Problem to work on -> Could you copy exactly the lines below, beginning at the line with "White oak clipart" and stopping after the line with "socket-roll-page.logo.1600px.jpg", with no pictures?

Dataset records ->
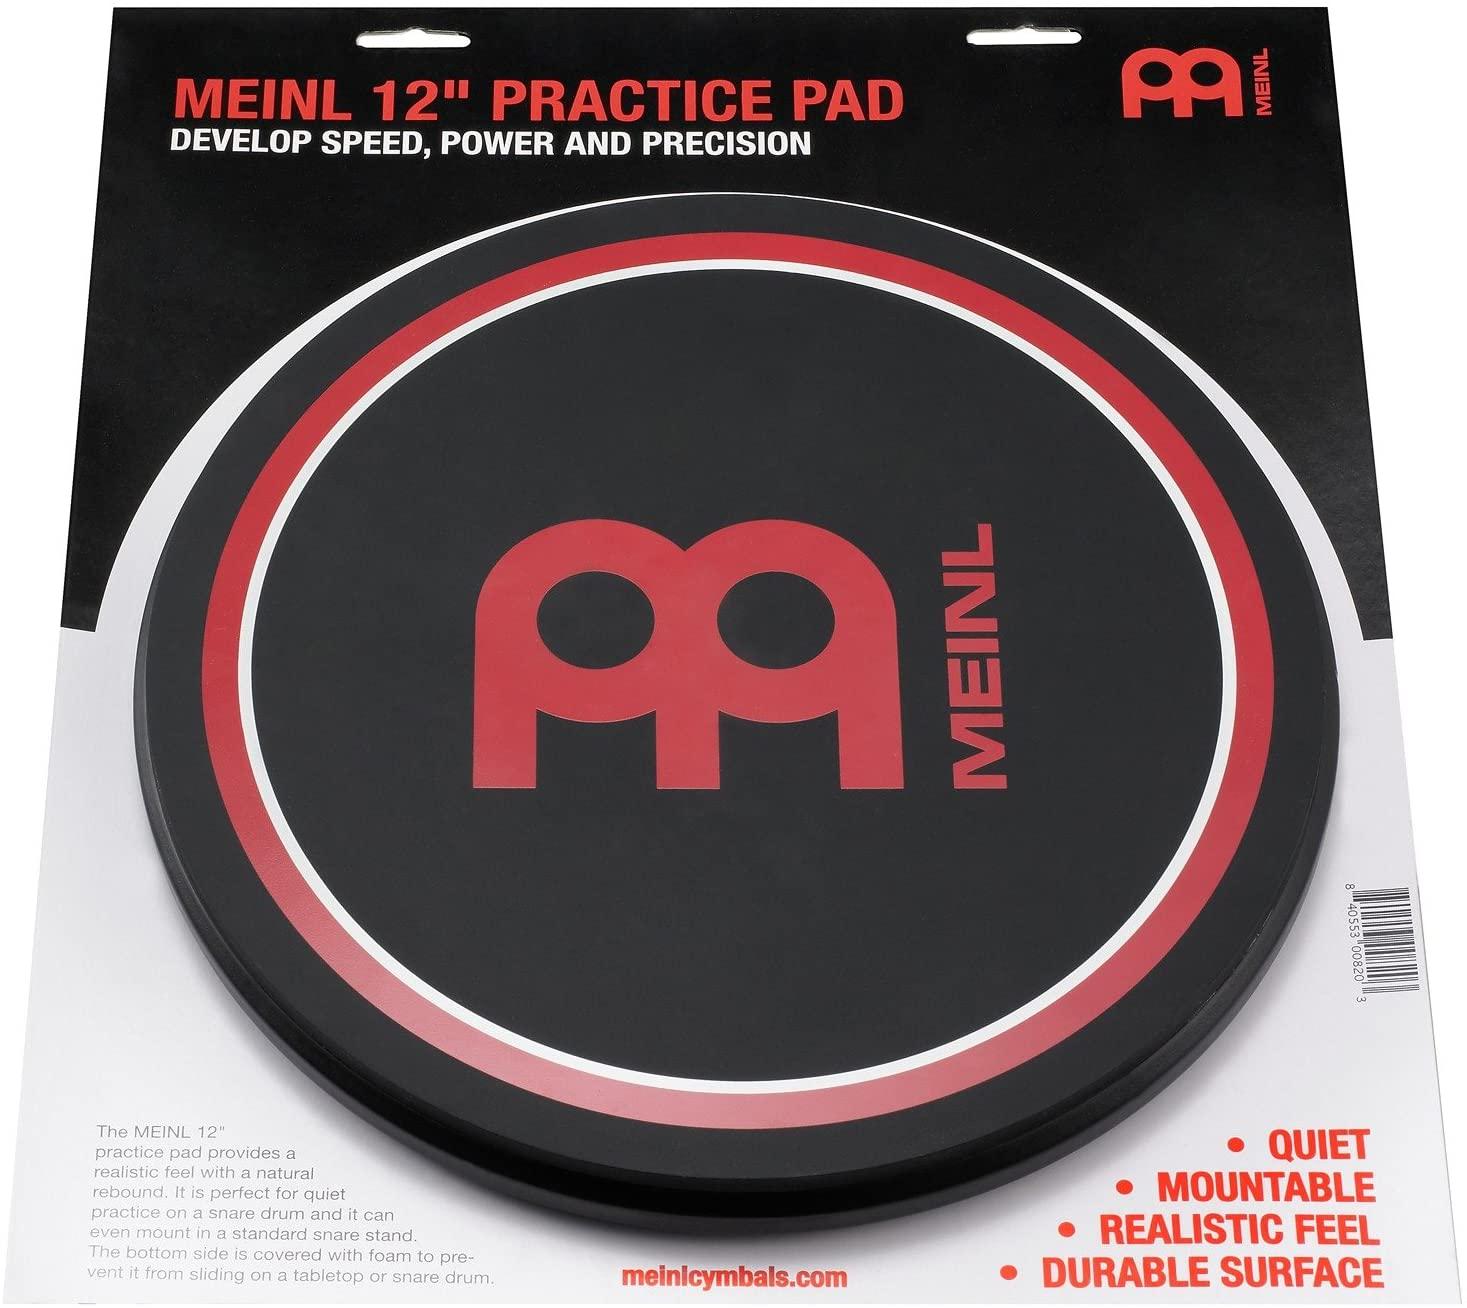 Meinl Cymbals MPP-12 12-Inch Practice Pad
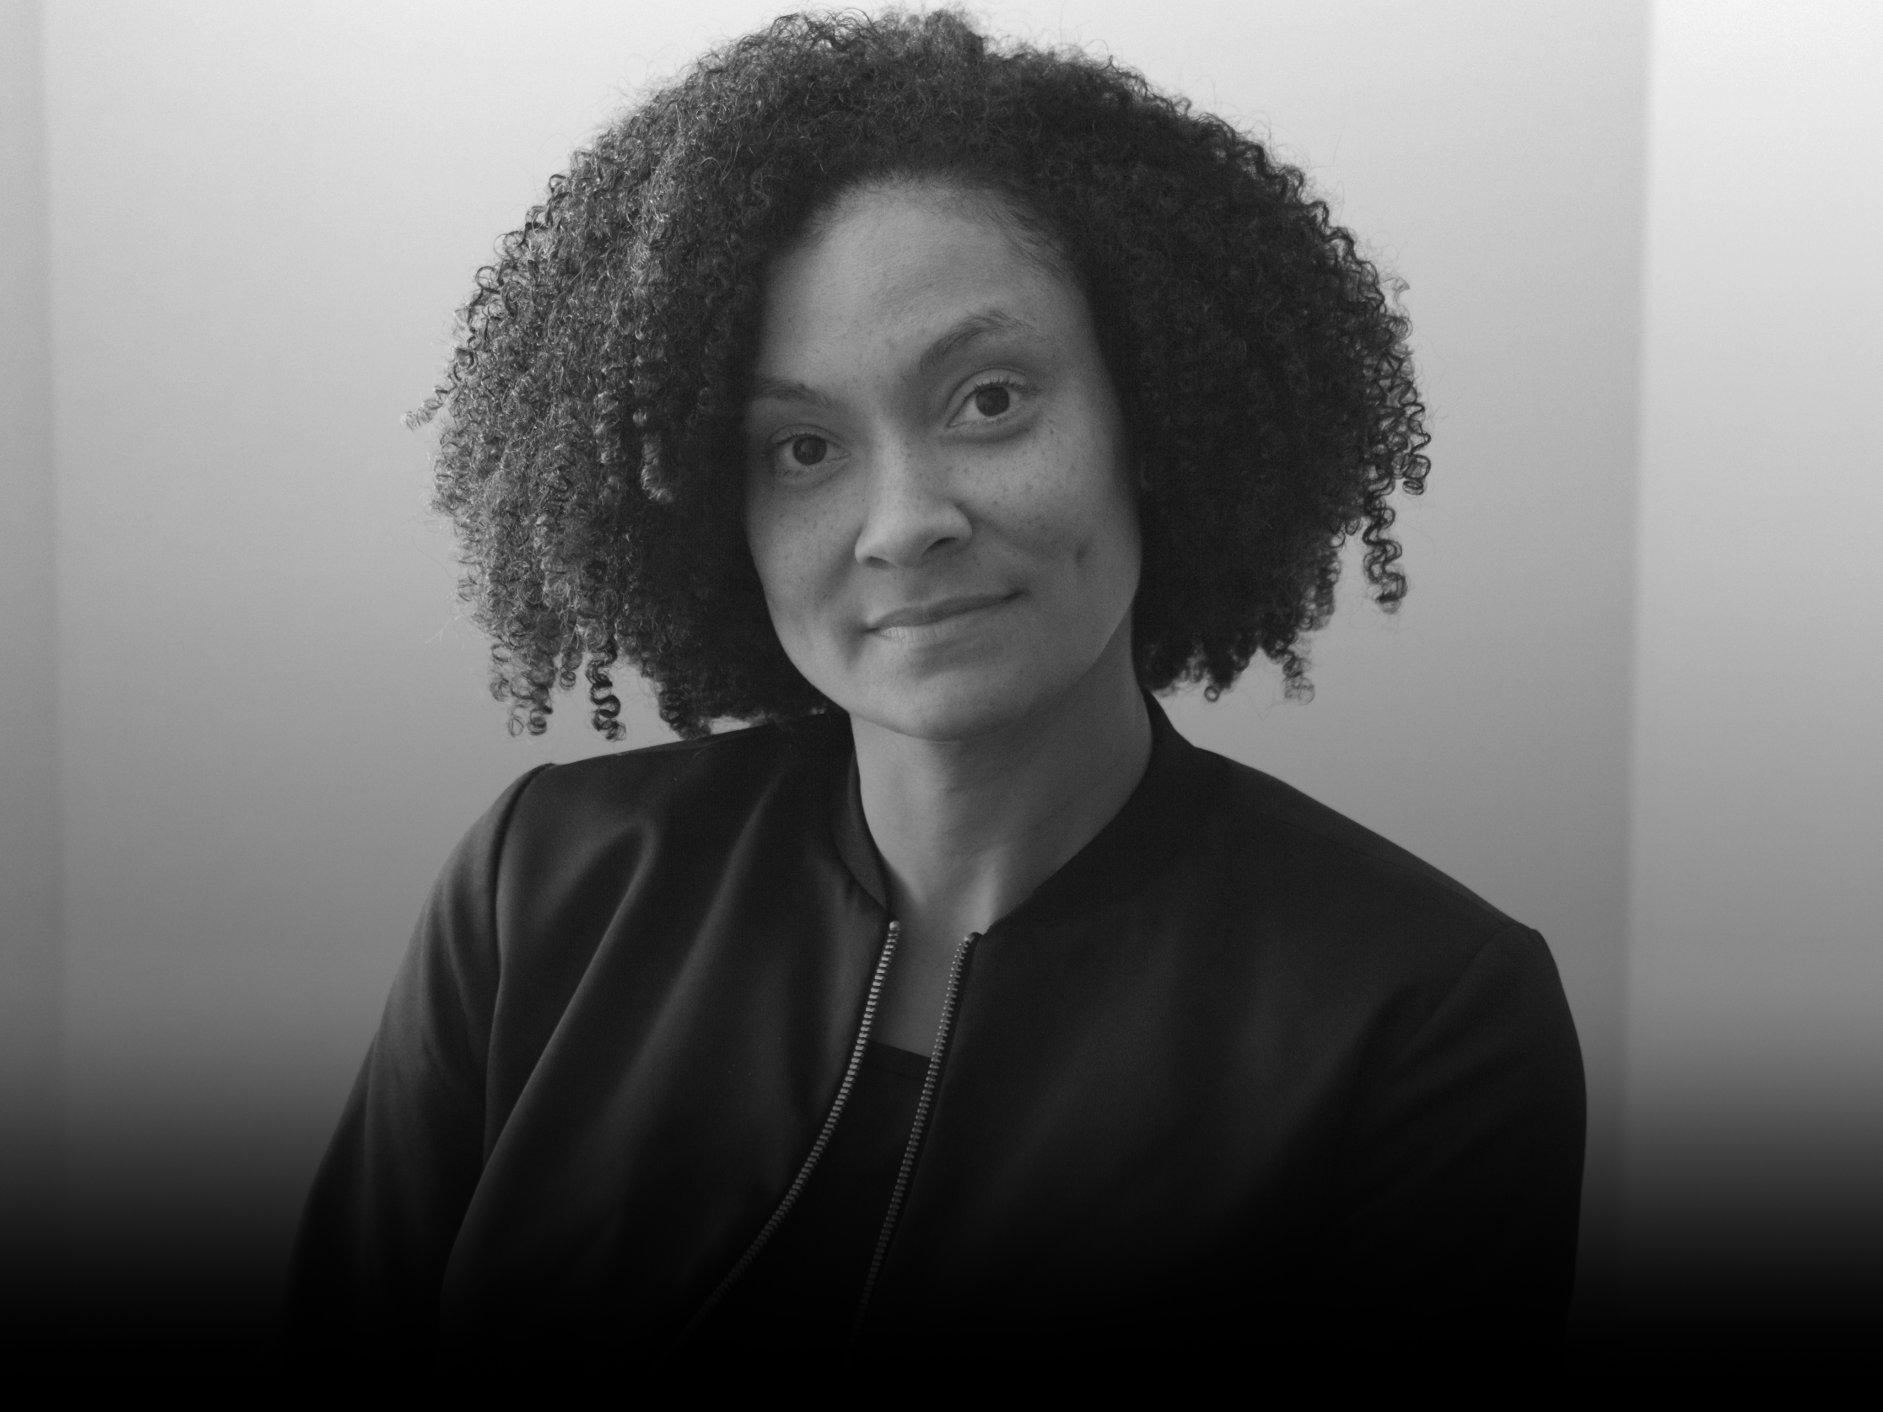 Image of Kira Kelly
--
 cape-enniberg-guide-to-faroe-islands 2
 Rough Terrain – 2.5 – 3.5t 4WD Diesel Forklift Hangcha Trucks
...
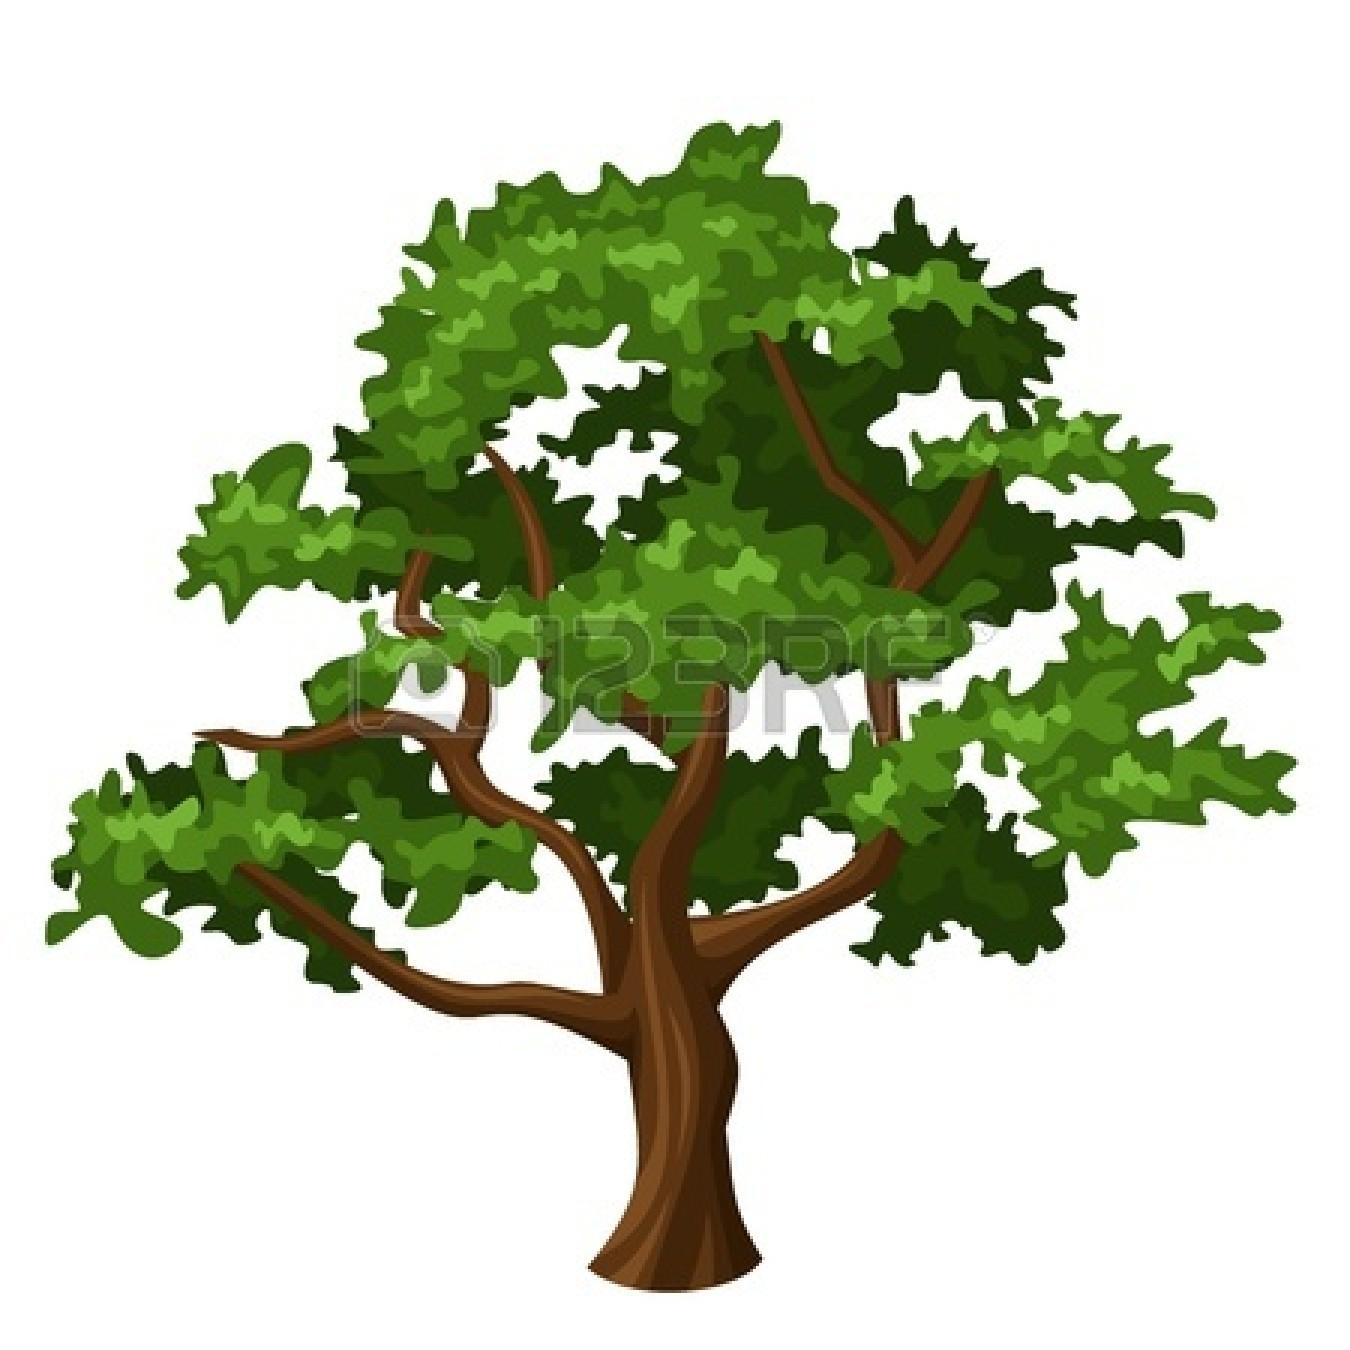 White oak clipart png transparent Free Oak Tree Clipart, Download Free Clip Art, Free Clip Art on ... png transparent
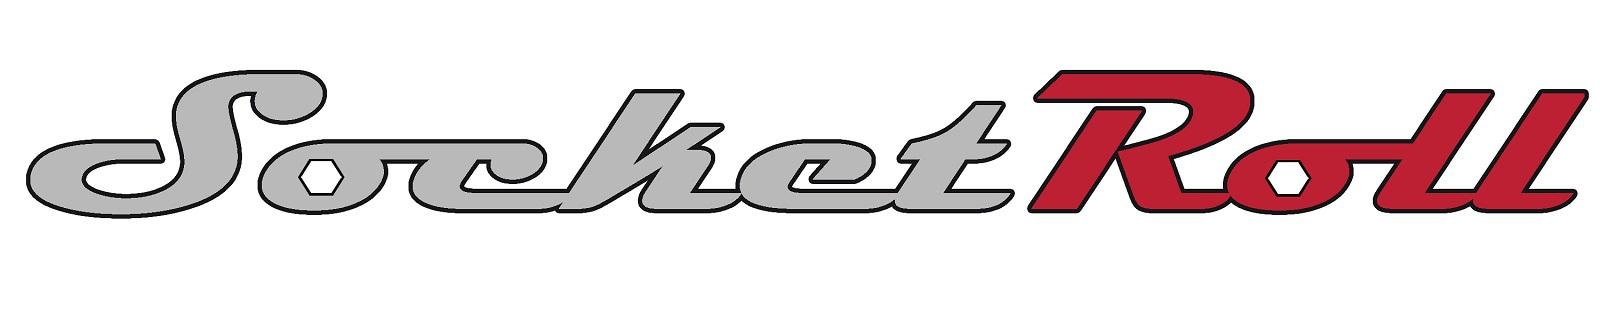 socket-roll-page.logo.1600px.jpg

Answer area ->
 White oak clipart png transparent Free Oak Tree Clipart, Download Free Clip Art, Free Clip Art on ... png transparent
 socket-roll-page.logo.1600px.jpg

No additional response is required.